Flores Antonia, Quon Justin C, Perez Adiel F, Ba Yong
Department of Chemistry and Biochemistry, California State University, Los Angeles, 5151 State University Drive, Los Angeles, CA, 90032, USA.
Eur Biophys J. 2018 Sep;47(6):611-630. doi: 10.1007/s00249-018-1285-3. Epub 2018 Feb 27.

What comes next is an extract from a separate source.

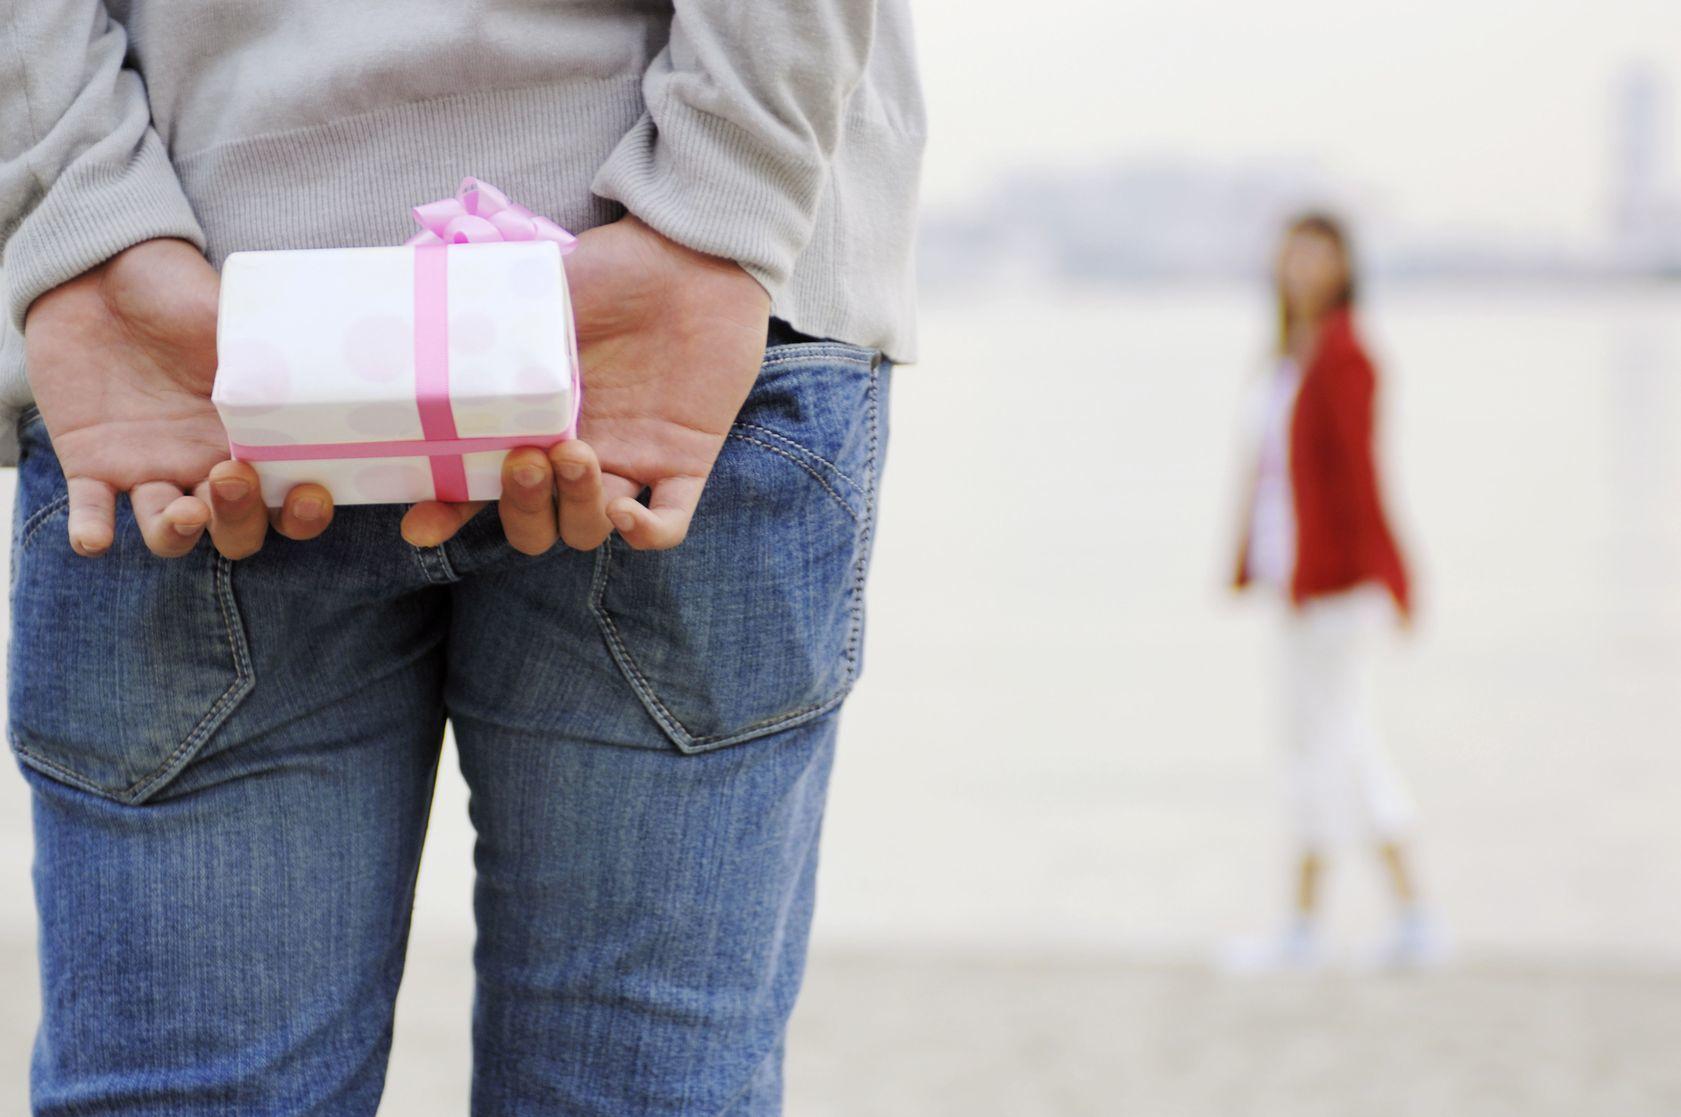 「嬉しい!」「いらない…」彼からもらった最高&がっかりプレゼント【みんなの恋愛&モテ★裏トーク】_1_1

The site-directed spin labeling (SDSL) technique was used to examine the antifreeze mechanisms of type-I antifreeze proteins (AFPs). The effects on the growth of seed ice crystals by the spin-label groups attached to different side chains of the AFPs were observed, and the states of water molecules surrounding the spin-label groups were probed via analyses of variable-temperature (VT) dependent electron paramagnetic resonance (EPR) spectra. The first set of experiments revealed the antifreeze activities of the spin-labeled AFPs at the microscopic level, while the second set of experiments displayed those at the molecular level. The experimental results confirmed the putative ice-binding surface (IBS) of type-I AFPs. The VT EPR spectra indicate that type-I AFPs can inhibit the nucleation of seed ice crystals down to ~ - 20 °C in their aqueous solutions. Thus, the present authors believe that AFPs protect organisms from freezing damage in two ways: (1) inhibiting the nucleation of seed ice crystals, and (2) hindering the growth of seed ice crystals once they have formed. The first mechanism should play a more significant role in protecting against freezing damage among organisms living in cold environments. The VT EPR spectra also revealed that liquid-like water molecules existed around the spin-labeled non-ice-binding side chains of the AFPs frozen within the ice matrices, and ice surrounding the spin-label groups melted at subzero temperatures during the heating process. This manuscript concludes with the proposed model of antifreeze mechanisms of AFPs based on the experimental results.
定点自旋标记(SDSL)技术被用于研究I型抗冻蛋白(AFP)的抗冻机制。观察了连接到AFP不同侧链上的自旋标记基团对籽晶冰晶体生长的影响,并通过分析变温(VT)依赖的电子顺磁共振(EPR)光谱来探测自旋标记基团周围水分子的状态。第一组实验揭示了自旋标记AFP在微观层面的抗冻活性,而第二组实验展示了其在分子层面的抗冻活性。实验结果证实了I型AFP假定的冰结合表面(IBS)。VT EPR光谱表明,I型AFP在其水溶液中能够将籽晶冰晶体的成核抑制至约-20°C。因此,本文作者认为AFP通过两种方式保护生物体免受冻害:(1)抑制籽晶冰晶体的成核,以及(2)在籽晶冰晶体形成后阻碍其生长。第一种机制在保护生活在寒冷环境中的生物体免受冻害方面应发挥更重要的作用。VT EPR光谱还显示,在冰基质中冻结的AFP的自旋标记非冰结合侧链周围存在类似液态的水分子,并且在加热过程中,自旋标记基团周围的冰在零下温度下融化。本文基于实验结果提出了AFP抗冻机制的模型作为结论。